Writing High‑Quality JavaScript Functions: Execution Mechanism, Robustness, Functional Programming and Design Patterns

This article introduces a series that explores how to write high‑quality JavaScript functions from multiple angles, including execution mechanism, robustness, functional programming, and design patterns.

Outline of the series

Functions (everything is possible)

Function naming

Function comments

Function complexity

Function robustness (defensive programming)

Function parameters and return values

Using functional programming to enhance functions

Applying design patterns to functions

Writing V8‑friendly functions

Front‑end engineer’s function notes

The first article focuses on the first topic – “Functions (everything is possible)”.

1. Purpose of Functions

Functions are the most important tool for saving space and improving performance. They are the core mechanism for code reuse and modularity.

2. Execution Mechanism of a Function

Understanding how a JavaScript function is executed is essential for writing efficient code. The process can be divided into four steps:

Allocate a new heap memory block.

Store the function body (as a string) in that heap memory.

Declare the function name in the current execution context (the stack) and hoist the declaration.

Assign the heap address to the function identifier.

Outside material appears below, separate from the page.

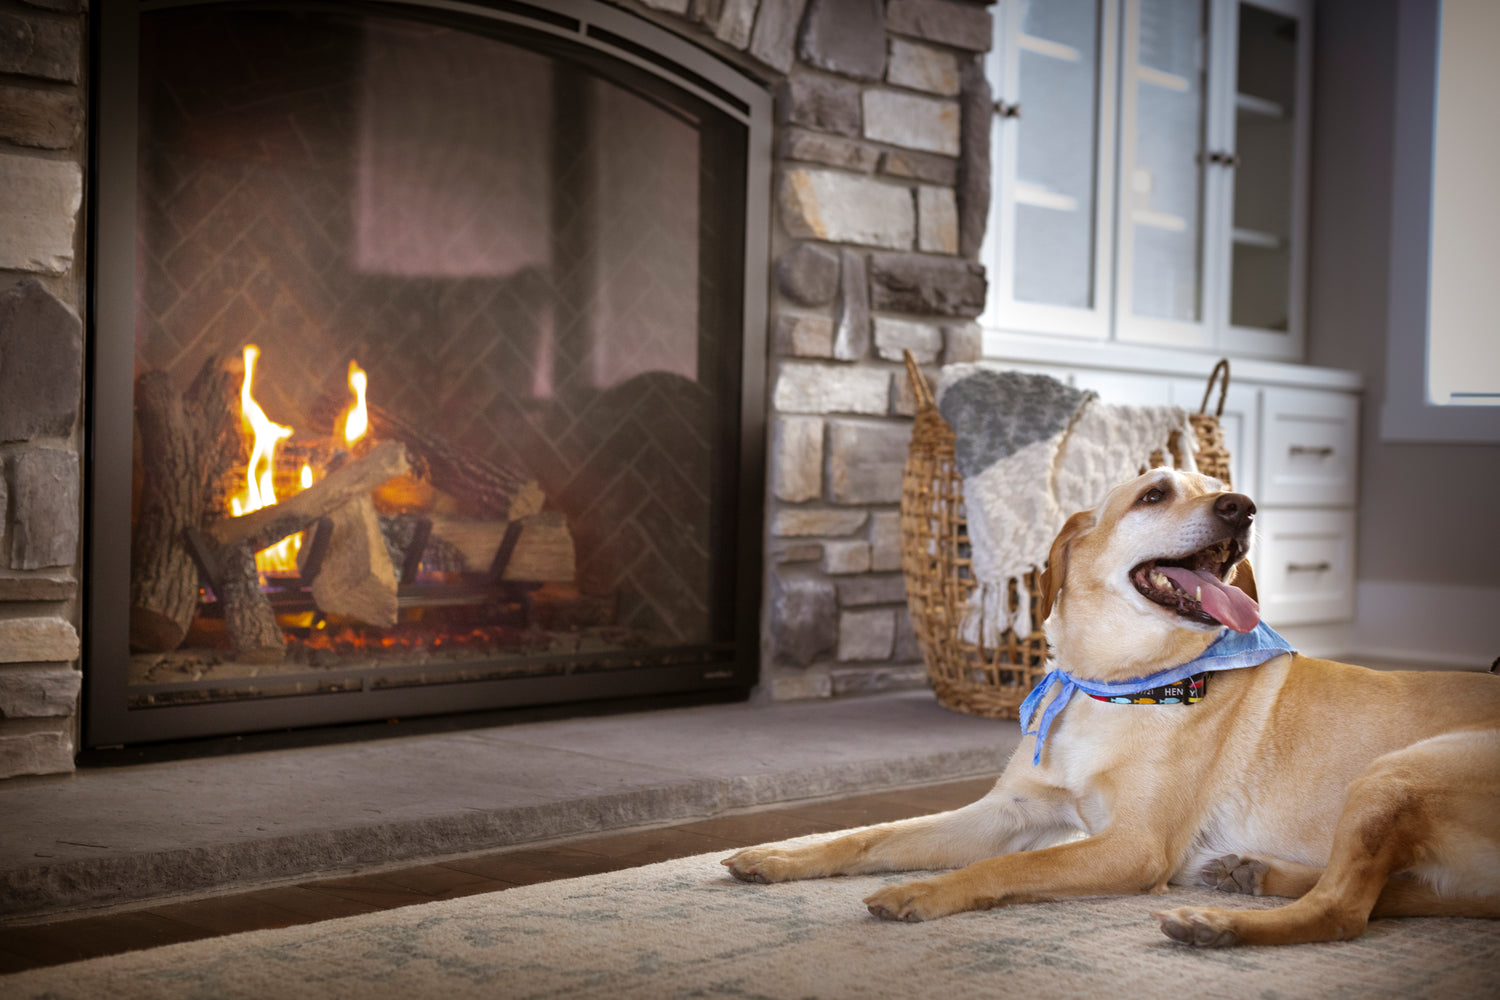 Dog laying in front of a lit fireplace inside a home

Example code used to illustrate the steps:

function say() {
  let str = 'hello world';
  console.log(str);
}

The article visualises the memory layout with an image (function name points to a heap address where the source code string resides).

3. Assignment Operation

Assignment copies a reference from the heap to a stack variable. From a low‑level perspective, the heap, stack, and code segments are distinct memory regions. The assignment operation moves a pointer (handle) from the heap into the stack, which is why JavaScript variables behave like references.

Assembly‑like illustration:

start:
  mov ax, 1
  mov bx, 1
  add ax, bx
end start;

4. Function Execution

When a function is called, a new execution context (stack frame) is created. The function body string is deserialized into executable code, arguments are bound, variable hoisting occurs, and the code runs top‑to‑bottom.

Key steps:

Create a stack environment for the call.

Copy the function body from heap to the new stack frame.

Perform parameter assignment and variable hoisting.

Execute statements sequentially.

5. Scope Chain and Closures

The scope chain is essentially a linked list of activation objects (AO). Each function’s AO points to its outer lexical environment, forming a chain that the engine walks to resolve identifiers.

Illustration of a simple closure:

function kun() {
  var result = [];
  for (var i = 0; i < 10; i++) {
    result[i] = function() { return i; };
  }
  return result;
}
let r = kun();
r.forEach(fn => console.log('fn', fn()));

Because the loop uses var , all inner functions share the same AO where i ends up as 10 , resulting in ten “10” outputs.

Using an IIFE to capture the current value:

function kun() {
  var result = [];
  for (var i = 0; i < 10; i++) {
    result[i] = (function(n) { return function() { return n; } })(i);
  }
  return result;
}
let r = kun();
r.forEach(fn => console.log('fn', fn()));

This creates ten distinct activation objects, each holding a different n , producing outputs 0‑9.

6. Practical Tips

Reduce scope‑chain lookups by passing global objects (e.g., window ) as parameters to IIFEs.

Avoid stack overflow by limiting recursion depth and being aware that each call allocates a new stack frame.

7. References

JS 函数的创建和执行机制

探索JS引擎工作原理

程序内存空间（代码段、数据段、堆栈段）

函数调用–函数栈

堆栈向上增长和向下增长的深入理解

By mastering the low‑level execution details, developers can write clearer, more performant, and more maintainable JavaScript functions.